Broms are the obvious choice, but there are other plants that can take pretty much all the light you can throw at them. I have a neat Philodendron Chimchayense, and an Anthurium Friederichstahlii, that can both take all the light I can give them, and still want more. The both have very long, but very skinny leaves, which leave you with a lighter, mottled shade.
Ghostwood branch work can also make for some great shady spots. Mounting a brom to a ghostwood branch gets shady areas away from the walls.
Get imaginative and make your light work with you. Don't let it dictate what you can plant. It's not too much light unless you can't control the heat.
We've all learned about manipulating microclimates to create different zones. We manipulate conditions to build hotter zones, cooler zones, more humid areas, and drier areas. We can do the same thing with lighting and plant placement, to enable a much wider variety of plants that you can keep.

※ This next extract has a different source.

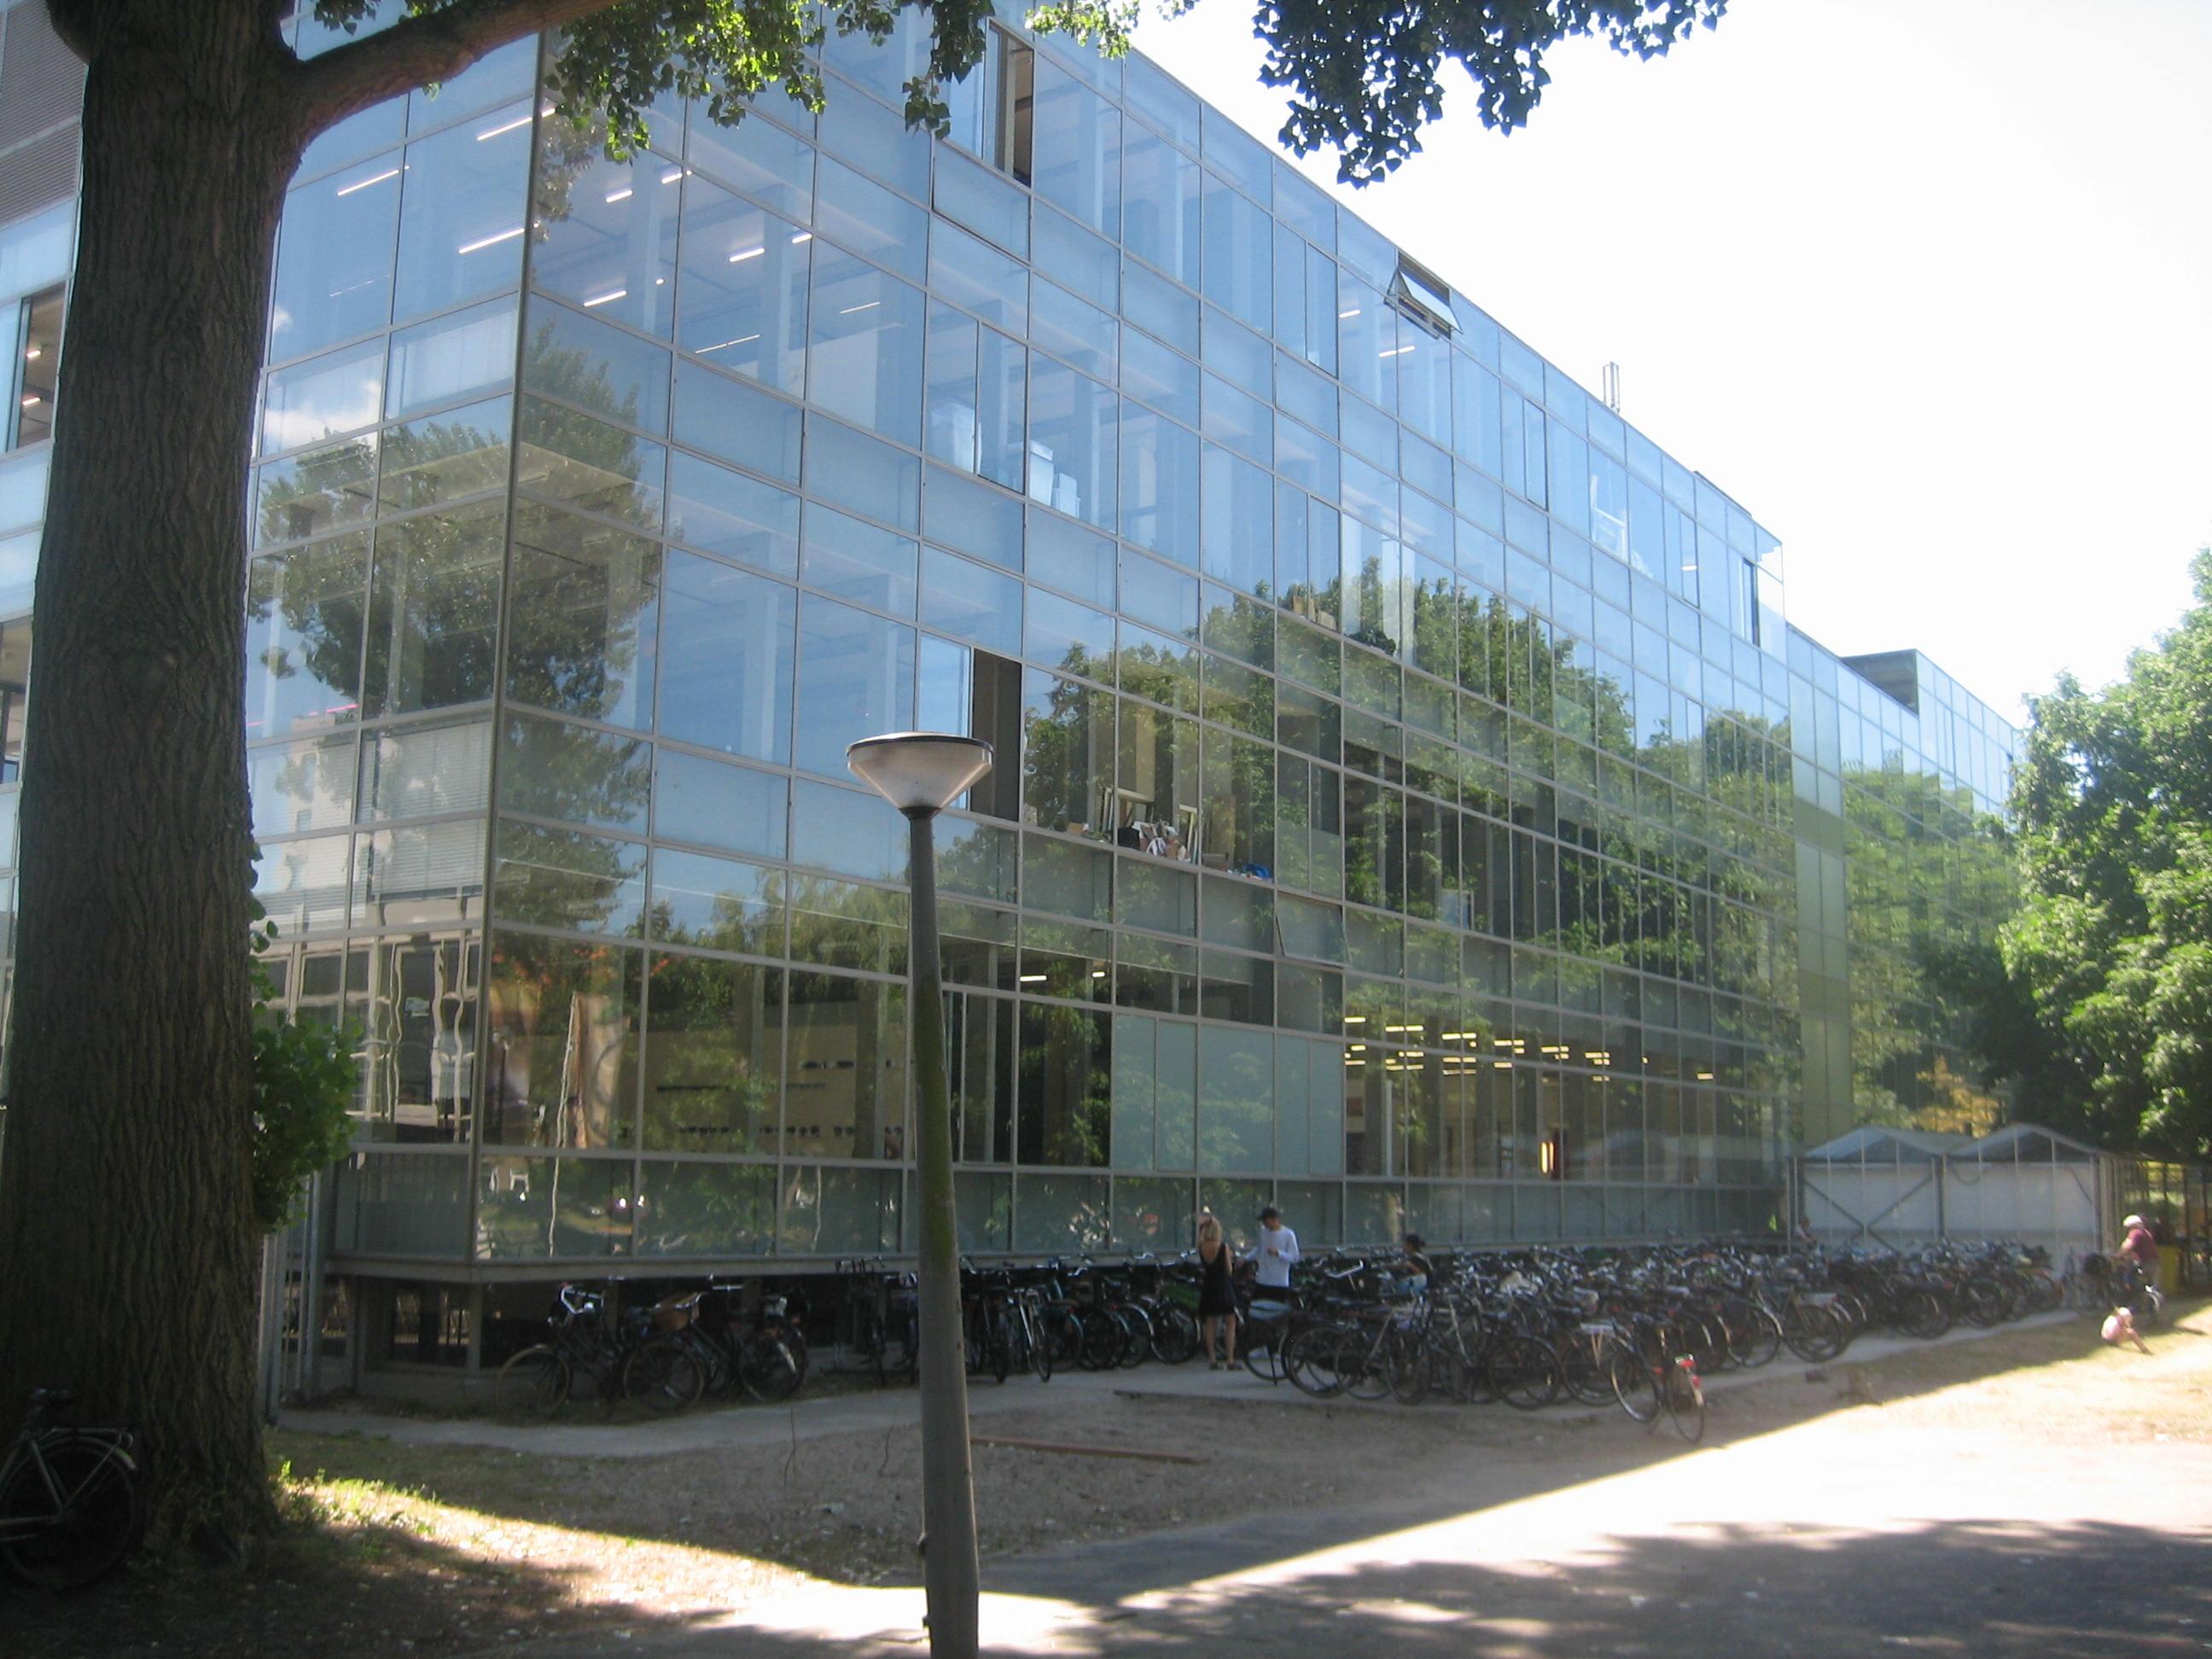 Gerrit Rietveld Academie. Foto Esther Doornbusch, juli 2018, CC BY 4.0

One thing I've learned recently, is that I may not be able to control my son...but I can control my sun.


----------



## Gibbs.JP (Feb 16, 2016)

nyskiffie said:


> Josh would you mind rehosting those on another site? Photobucket has started charging for hotlinking I think and they just come up with errors for me.


Here it is first planted:
IMG_4478 by Josh Gibbs, on Flickr

Here it is about 1 year later:

Photo May 20, 7 26 25 PM by Josh Gibbs, on Flickr


----------



## S2G (Jul 5, 2016)

Gibbs.JP said:


> Here it is first planted:
> IMG_4478 by Josh Gibbs, on Flickr


Those azureus are high up there. Especially that one to the left.


----------



## Gibbs.JP (Feb 16, 2016)

S2G said:


> Those azureus are high up there. Especially that one to the left.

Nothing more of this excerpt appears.